Today David Gregory is in New Hampshire, naturally: as NBC’s chief White House correspondent during George W. Bush’s administration, and then as host of Meet the Press, he gained an up-close knowledge of the presidency such as few people (even people in Washington) possess, and he is putting it to use in election-year commentary for Fox and CNN.
The other day Gregory was in Riggs Library at Georgetown, taking part in our Faith & Culture conversation series. He’s the author, this past year, of How’s Your Faith? – a book that is as candid an account of a public figure’s religious journey as any I’ve read lately, and a book that gives insight into the whys and wherefores of his deepening Jewish faith.
He told us about his study group of brilliant Jewish journalists (Jeffrey Goldberg, David Brooks, and Franklin Foer, among others); the creative form of Sabbath observance in his household (youth sports schedules are consulted; a martini is involved); the role of Psalm 27 in his spiritual journey – and especially about his experience of the presence of God, an experience that seldom figures into discussions of Jewish identity and affinity and is rarely described with the term “faith.”

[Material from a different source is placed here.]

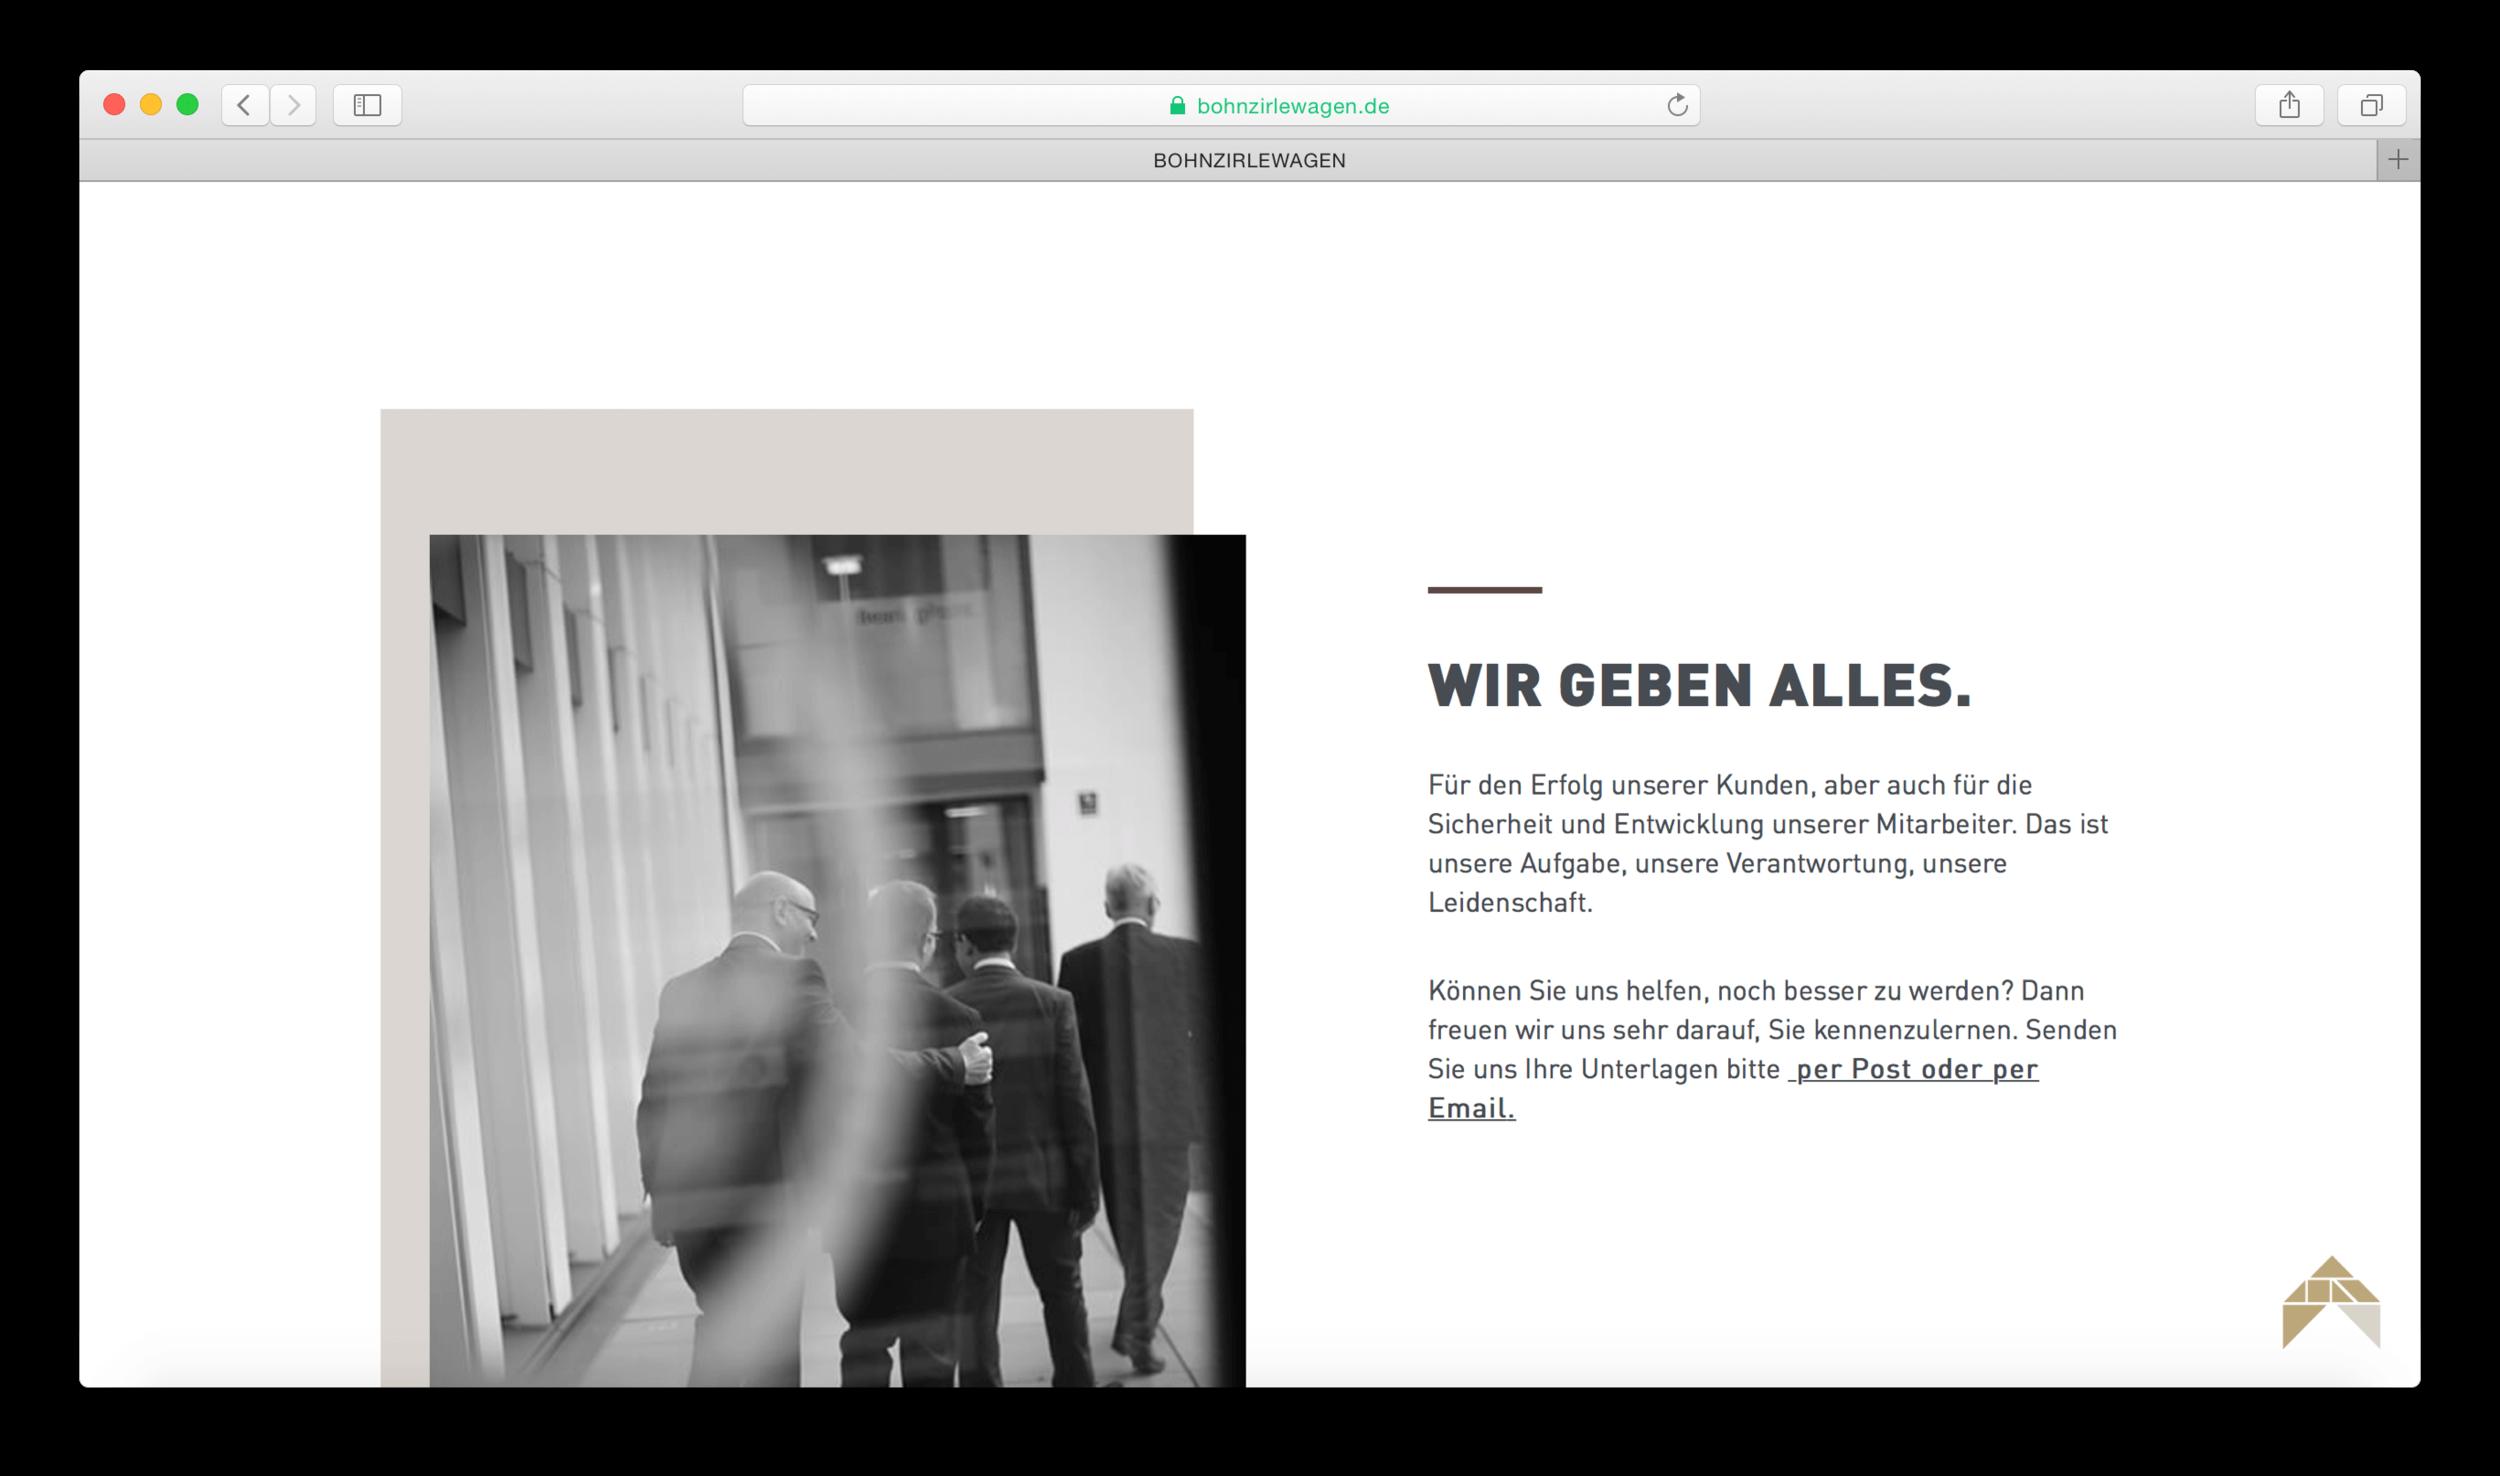 BOHNZIRLEWAGEN webseite

He was so steadily on point that, there on stage in conversation with him, I forgot for a moment that he’s not an accredited expert in this stuff – that his world-class achievements are in political journalism.
And that was the appeal of the conversation. His presence wasn’t inevitable, or professionally apt: he was opening up an aspect of his adult life that many of us wouldn’t have known about otherwise.
Introducing Gregory, I noted that he was the series’ first Jewish guest, our first journalist, and our first author to take his book title from a remark made to him by the president of the United States. But he was a first in this way, too: our first guest whose religious commitment isn’t front and center in his public life – but is what Flannery O'Connor called a “dimension added.”
Now the door is open for other such guests to tell us about the added dimension.